На него это произвело такое впечатление, что на следующий день, не предупредив ни ее, ни мать, он привел с собой туда, на чердак, своего друга, дирижера оркестра. Так начались первые уроки пения, и два года подряд он тратил на нее почти все свое жалованье: он взял для нее напрокат пианино, купил ноты, дал по-дружески и маэстро кое-какое вознаграждение. Прекрасные, далекие дни!
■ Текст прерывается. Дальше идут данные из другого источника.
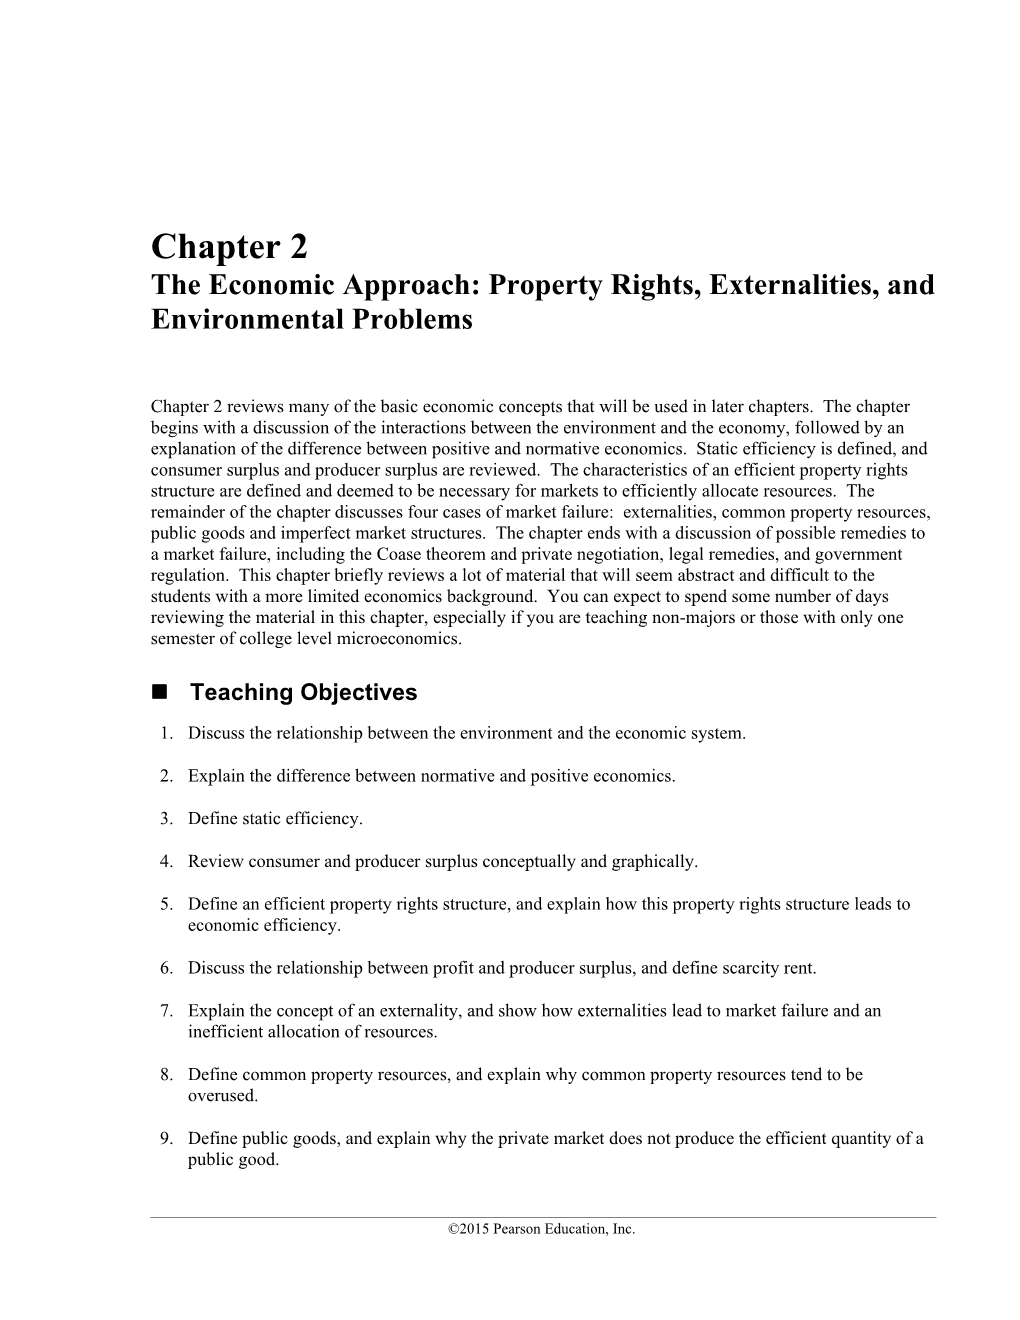 Chapter 2 the Economic Approach: Property Rights, Externalities, and Environmental Problems 1

Терезина вся пылала желанием распустить крылья, умчаться в будущее — маэстро предсказывал, что оно будет ослепительным; а пока — какими пламенными ласками она выражала свою благодарность, как они мечтали о будущем счастье вдвоем!
Тетя Марта, напротив, горестно качала головой: бедная старушка столько перевидала за свою жизнь, что не верила в будущее; она боялась за дочь и не хотела даже, чтобы та надеялась вырваться из привычной нищеты; и потом — мать знала, чего стоило ему безумие этой опасной мечты.
Но ни он, ни Терезина не слушали ее, и напрасно она возмущалась, когда молодой композитор, услышав Терезину в концерте, заявил, что было бы преступлением не пригласить к ней лучших учителей и не дать ей законченного музыкального образования, — любой ценой ее надо было послать в Неаполь, в консерваторию.
И тогда он, Микуччо, не колеблясь ни минуты, поссорился с родными, продал небольшое имение, оставленное ему дядей-священником, и послал Терезину в Неаполь заканчивать образование.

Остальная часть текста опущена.